* **Source material**:
--- START ---
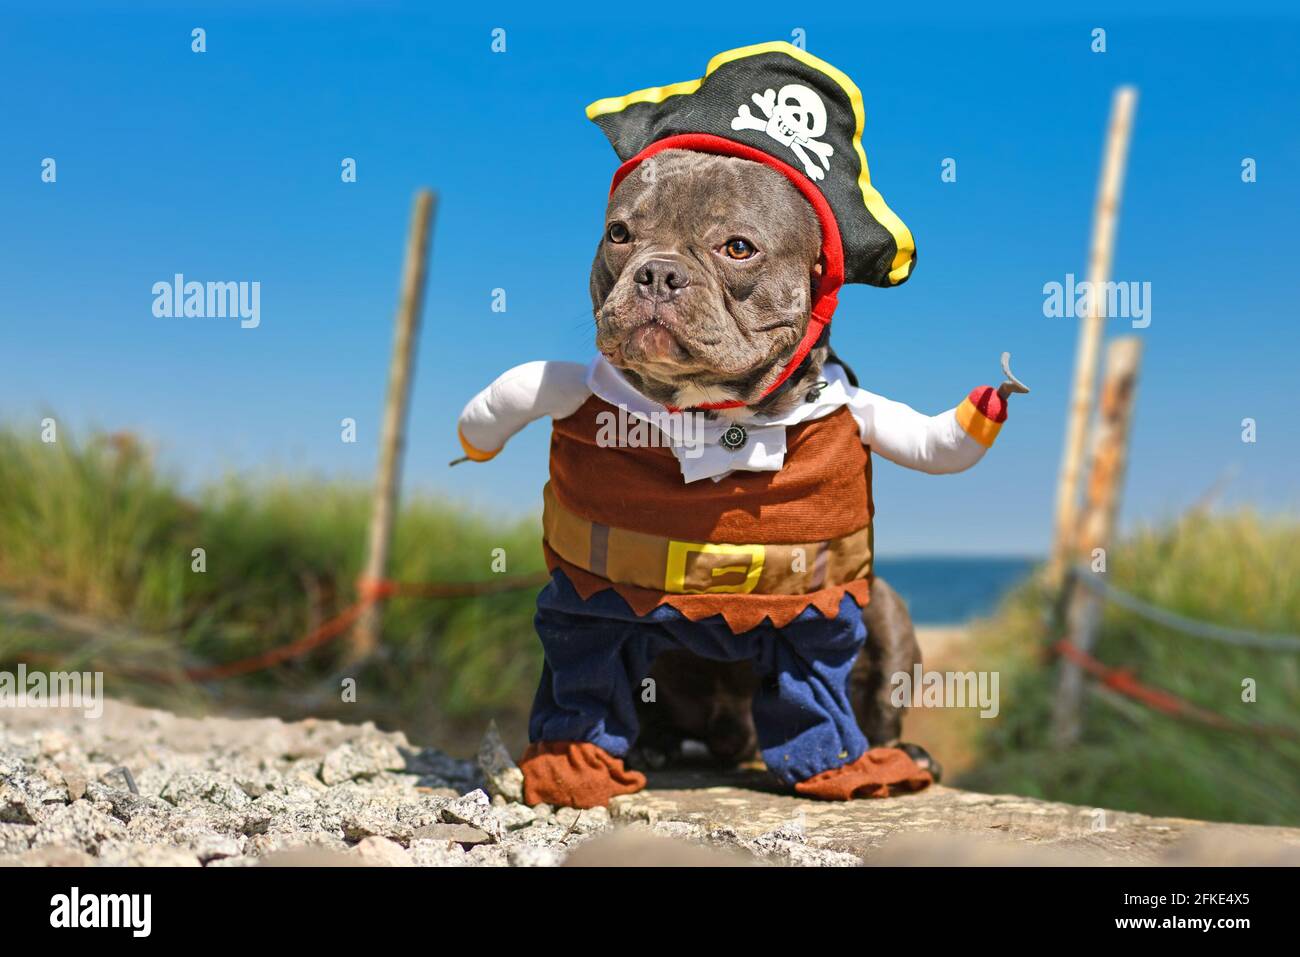 French Bulldog dog dressed up in pirate costume with hat and hook arm standing at beach Stock Photo
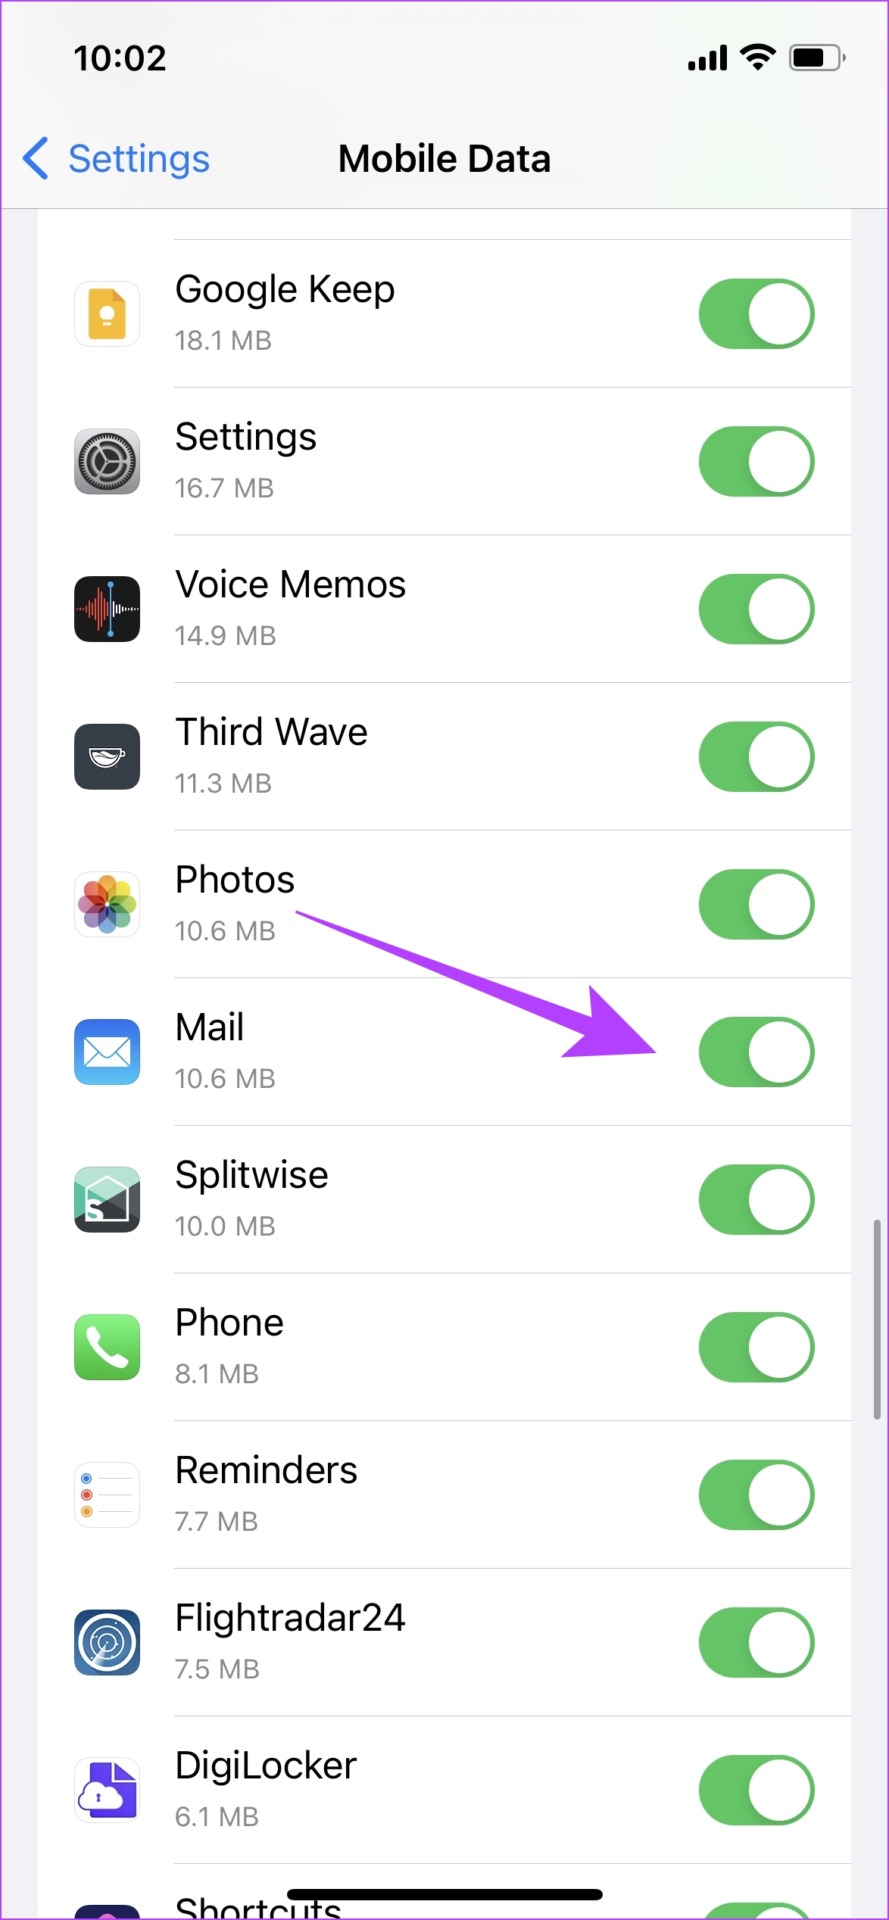 Turn on Toggle For Mail
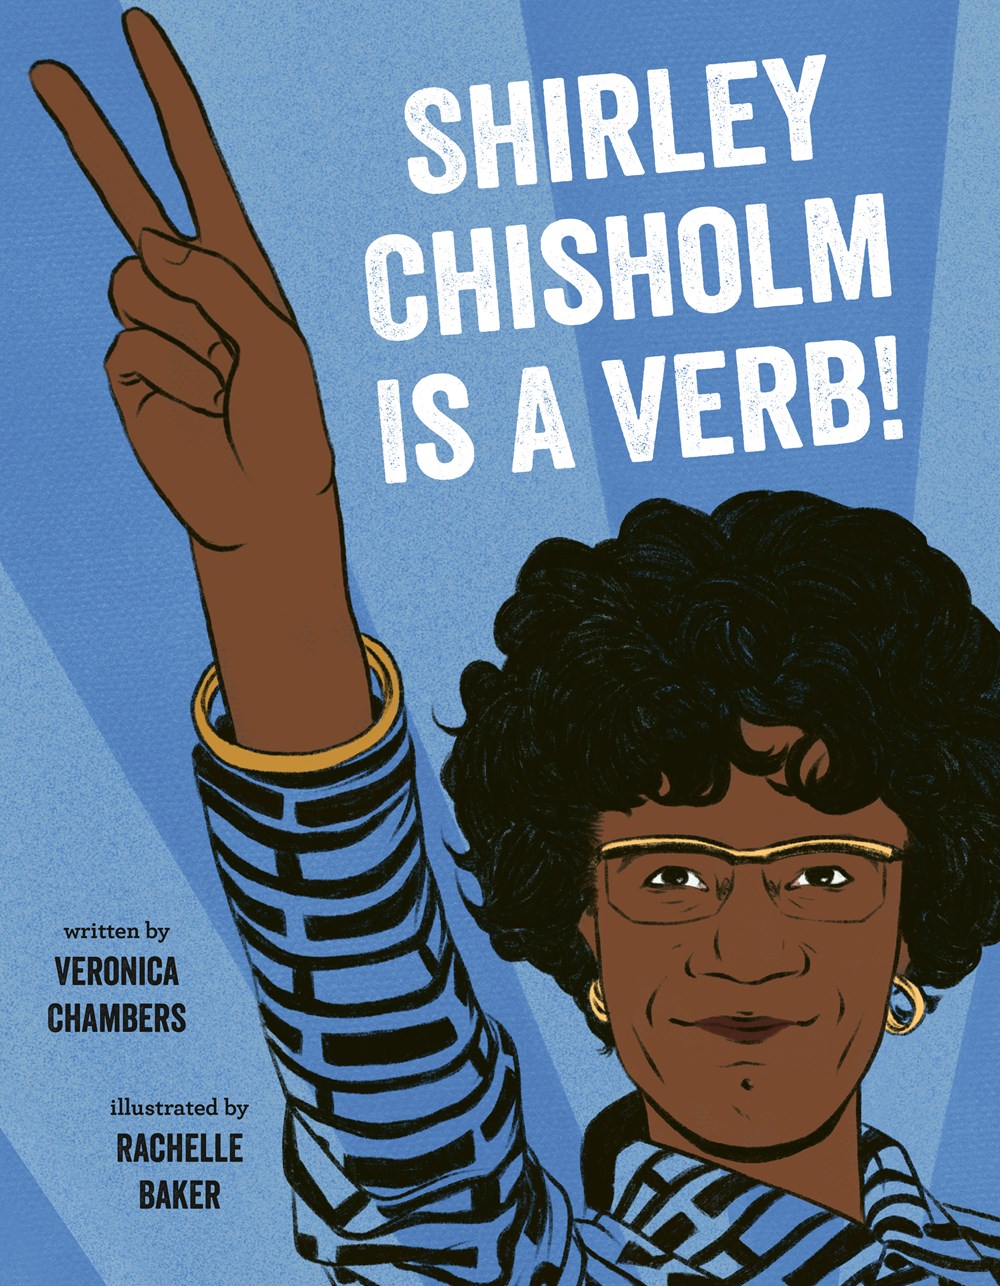 Shirley Chisholm Is a Verb by Veronica Chambers
--- END ---
* **Task directions**:
Lines from the one that contains "Turn on Toggle For Mail" to the final line of the material are the whole answer. Reproduce them word for word and skip the pictures.

* **Finished exercise**:
 Turn on Toggle For Mail
 Shirley Chisholm Is a Verb by Veronica Chambers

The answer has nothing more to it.